==== Provided entries

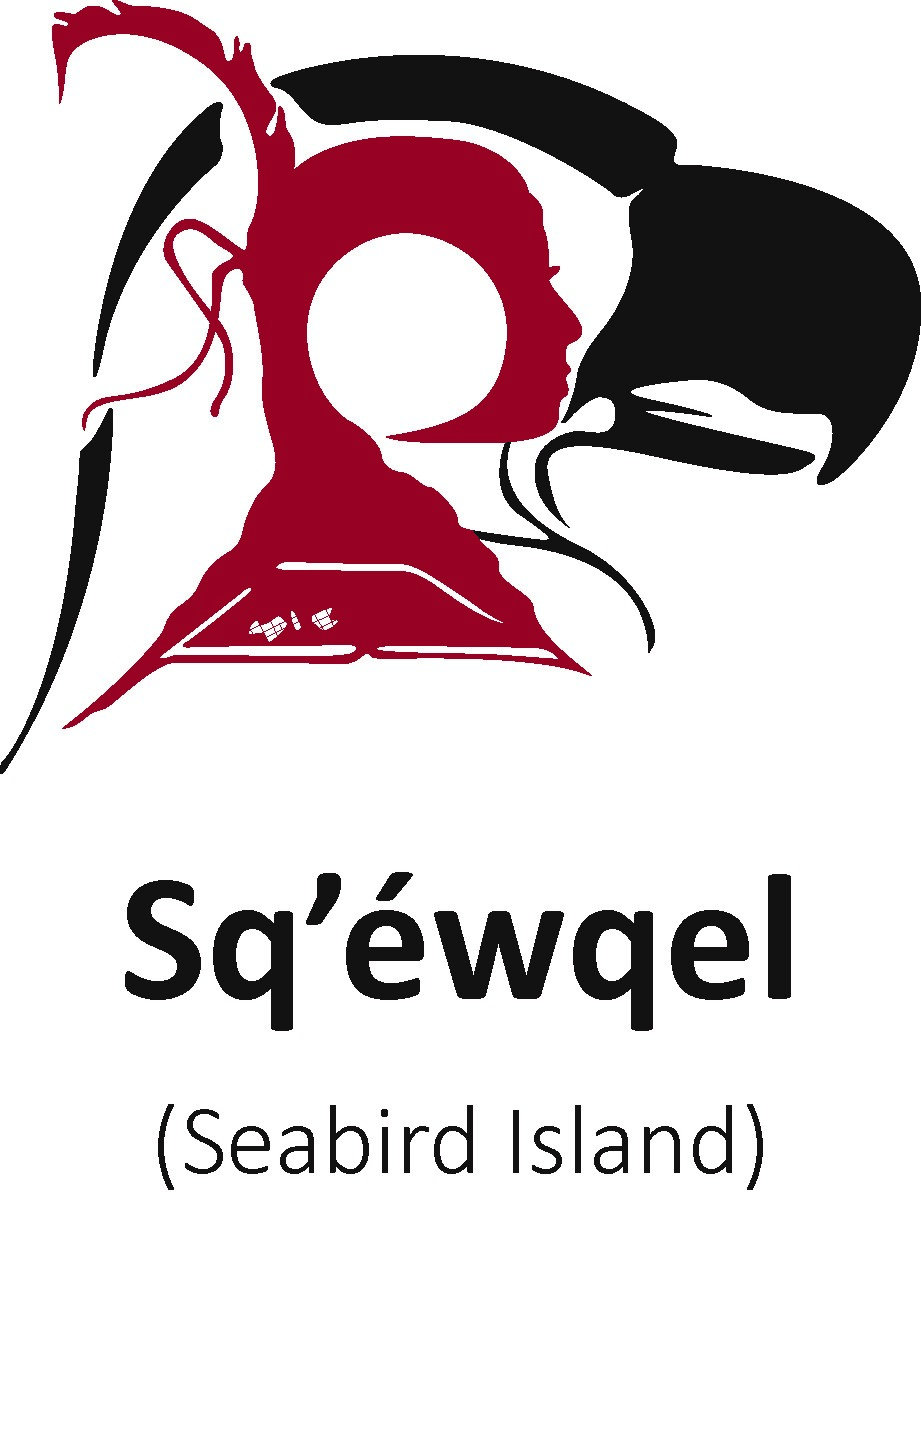 Seabird Island logo
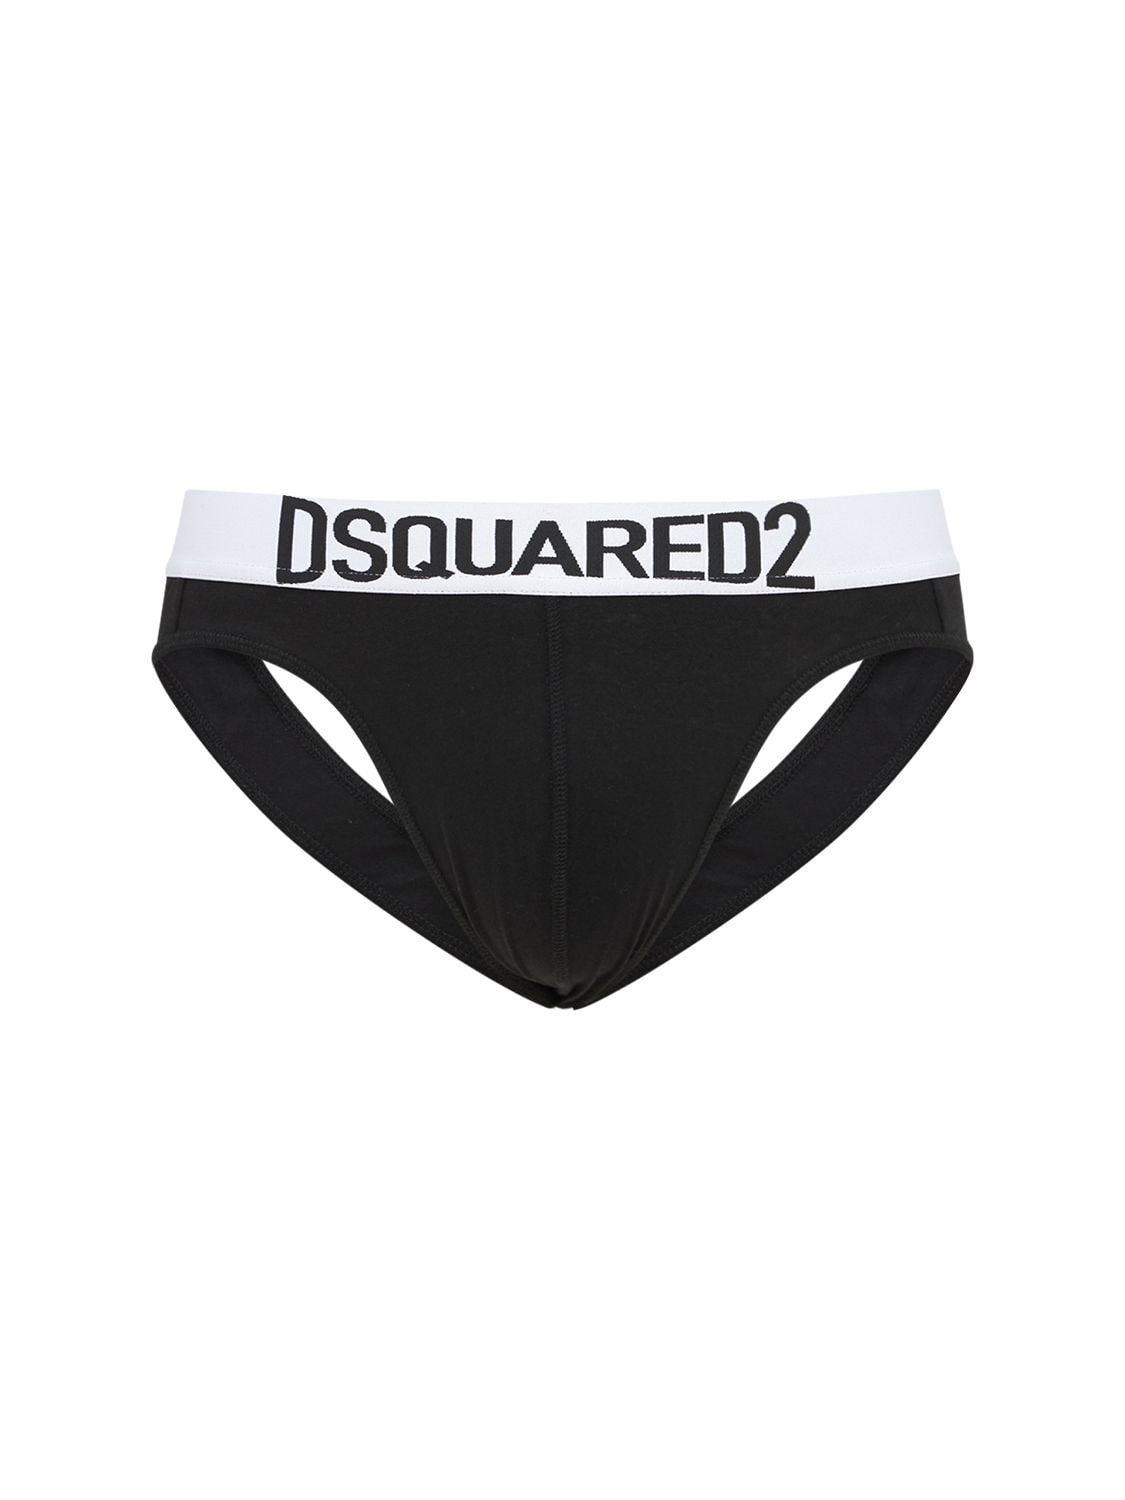 Dsquared2 Underwear Logo Cotton Jockstrap Briefs In Black | ModeSens
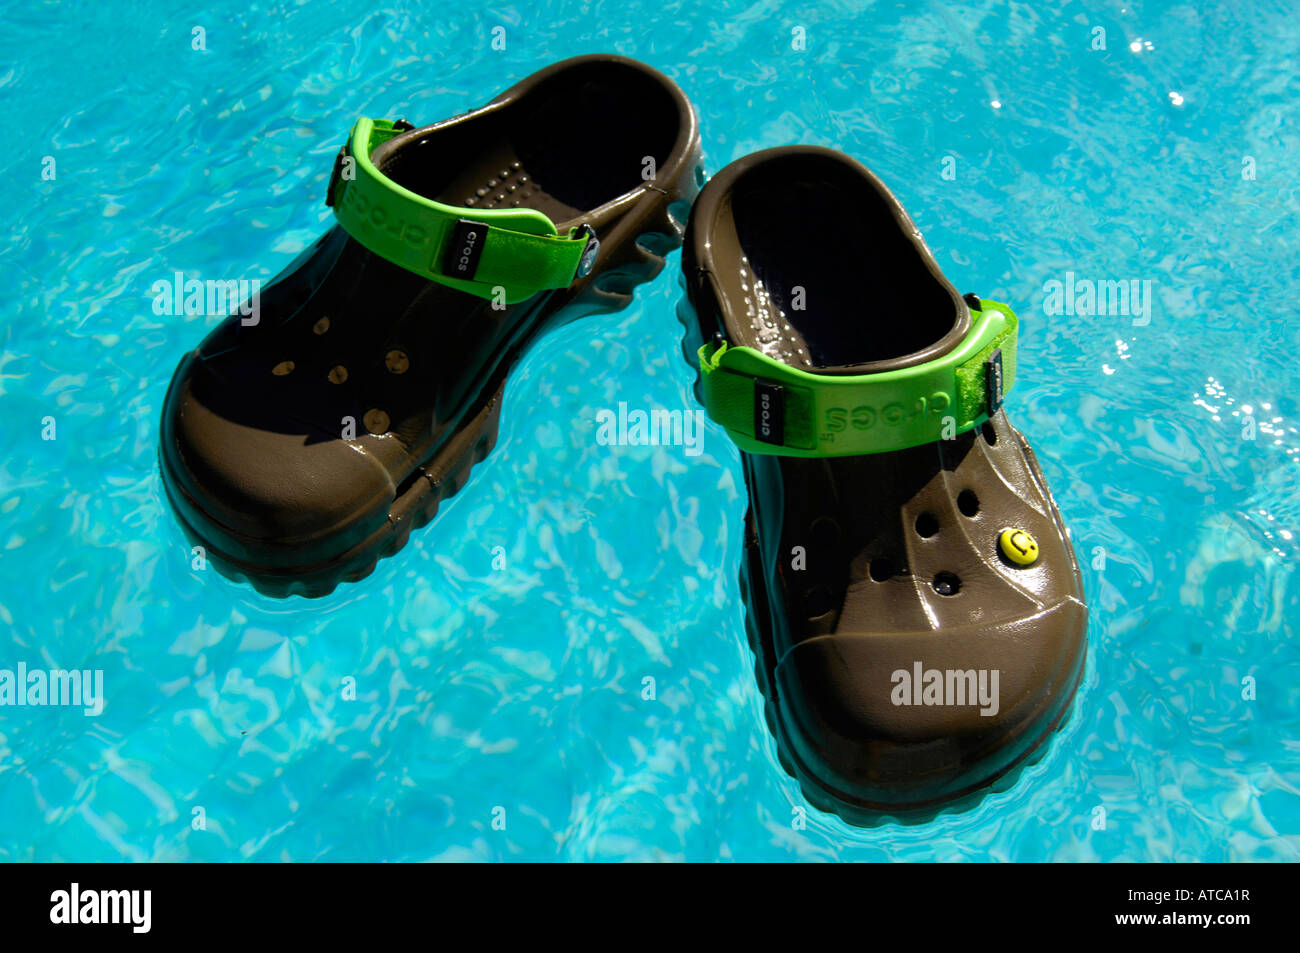 swimming pool footwear
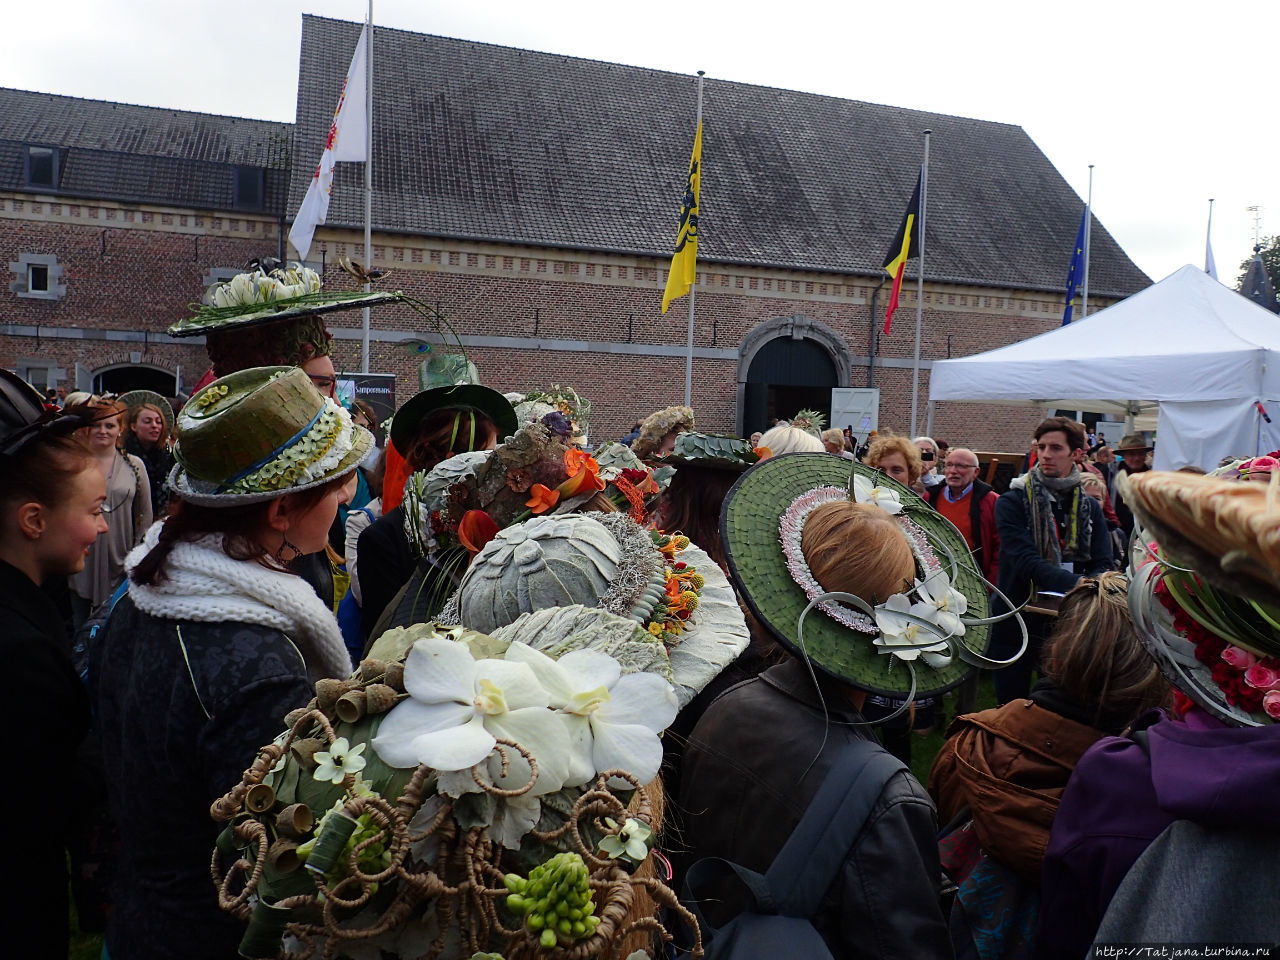 Конкурс  шляпок на фестивале цветов  Fleur Amour Билзен, Бельгия
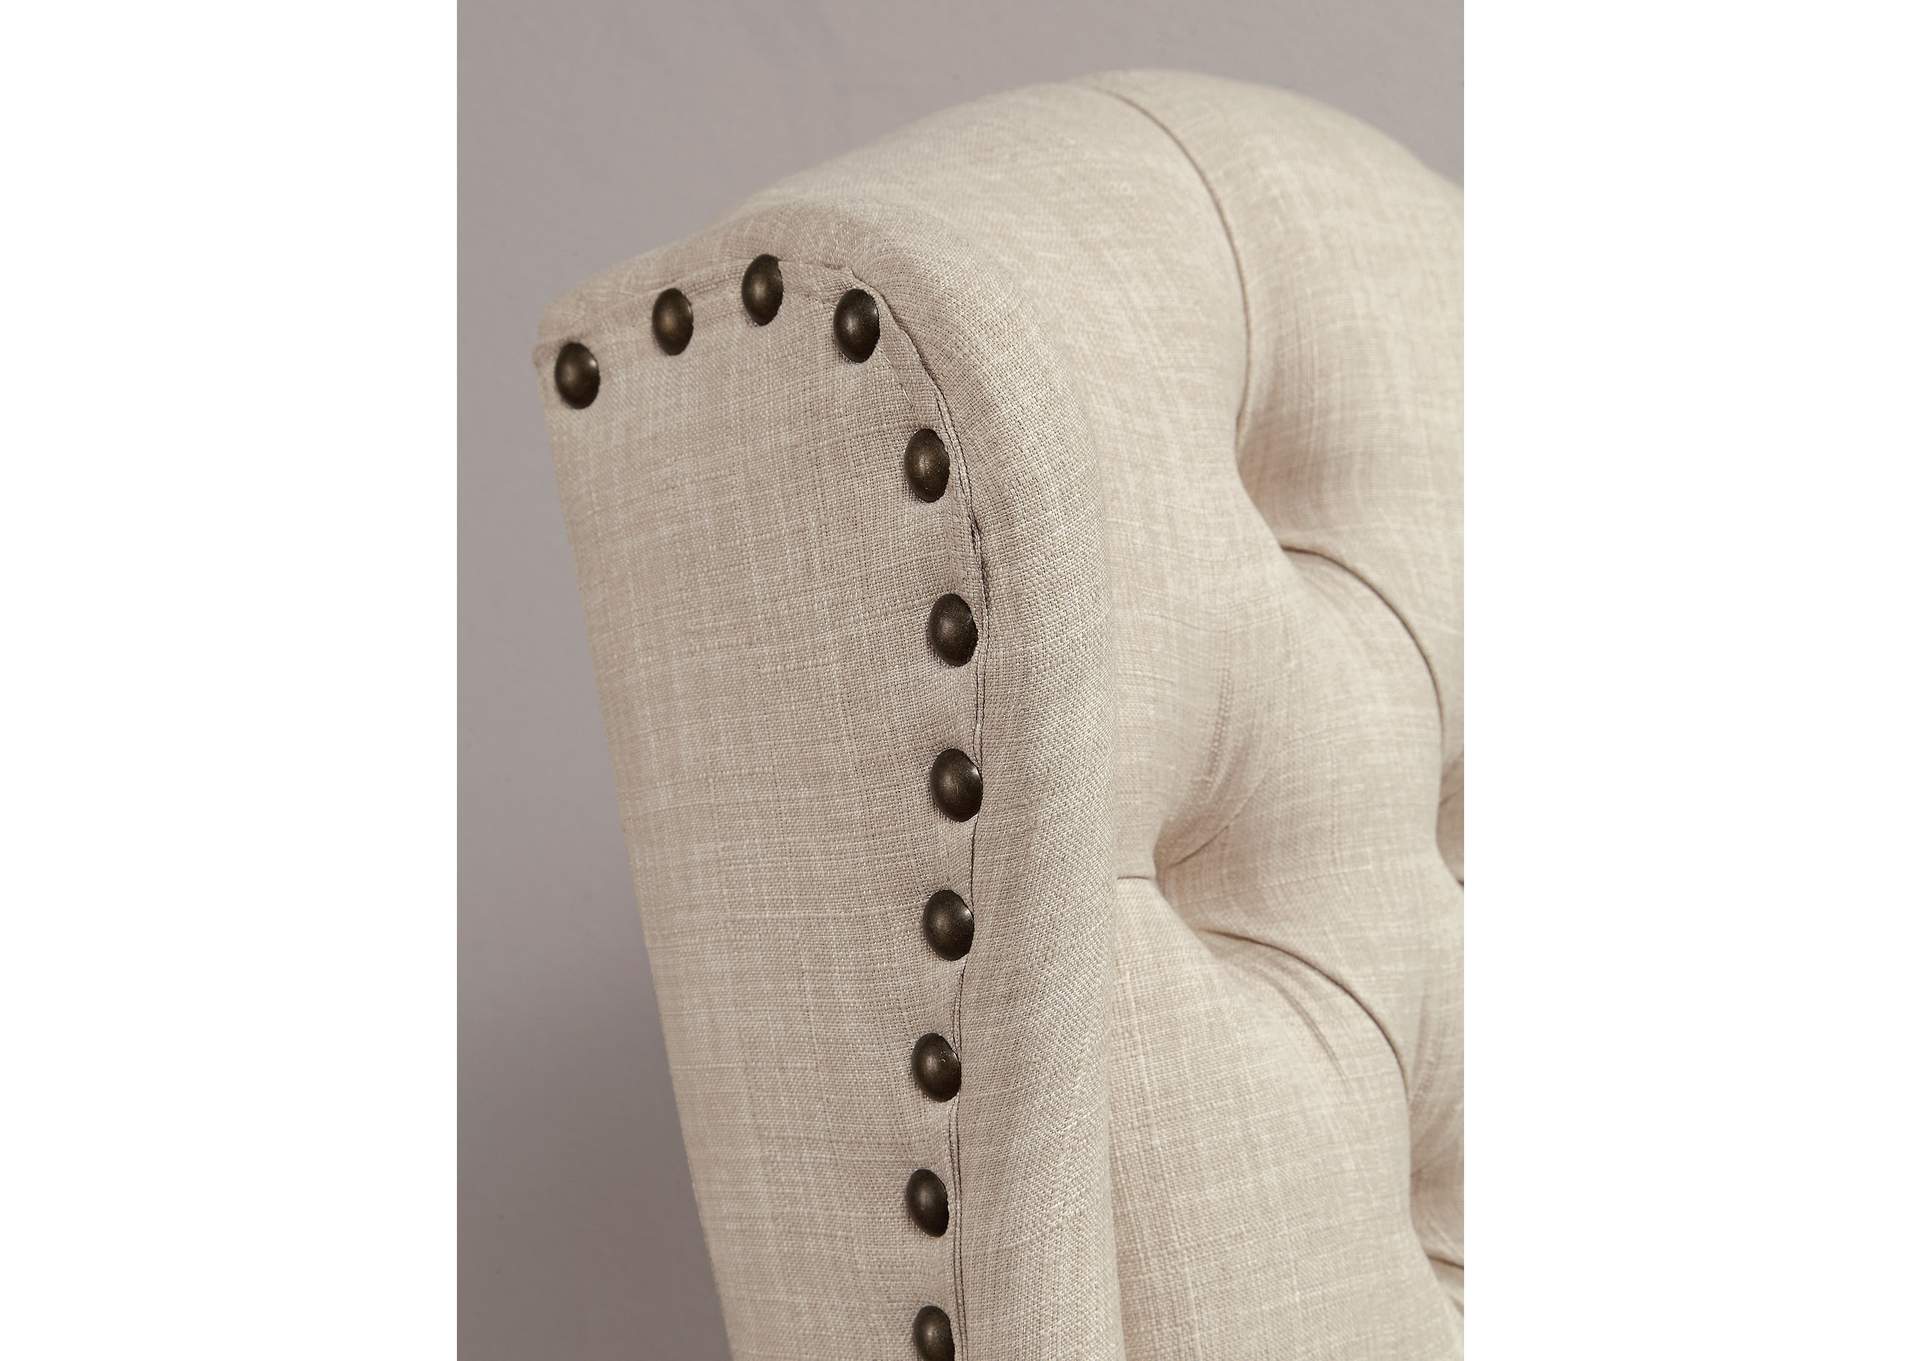 Sania Side Chair (2/Box),Furniture of America

========

Once the pictures are removed, print all the remaining data exactly as it stands.

 Seabird Island logo
 Dsquared2 Underwear Logo Cotton Jockstrap Briefs In Black | ModeSens
 swimming pool footwear
 Конкурс  шляпок на фестивале цветов  Fleur Amour Билзен, Бельгия
 Sania Side Chair (2/Box),Furniture of America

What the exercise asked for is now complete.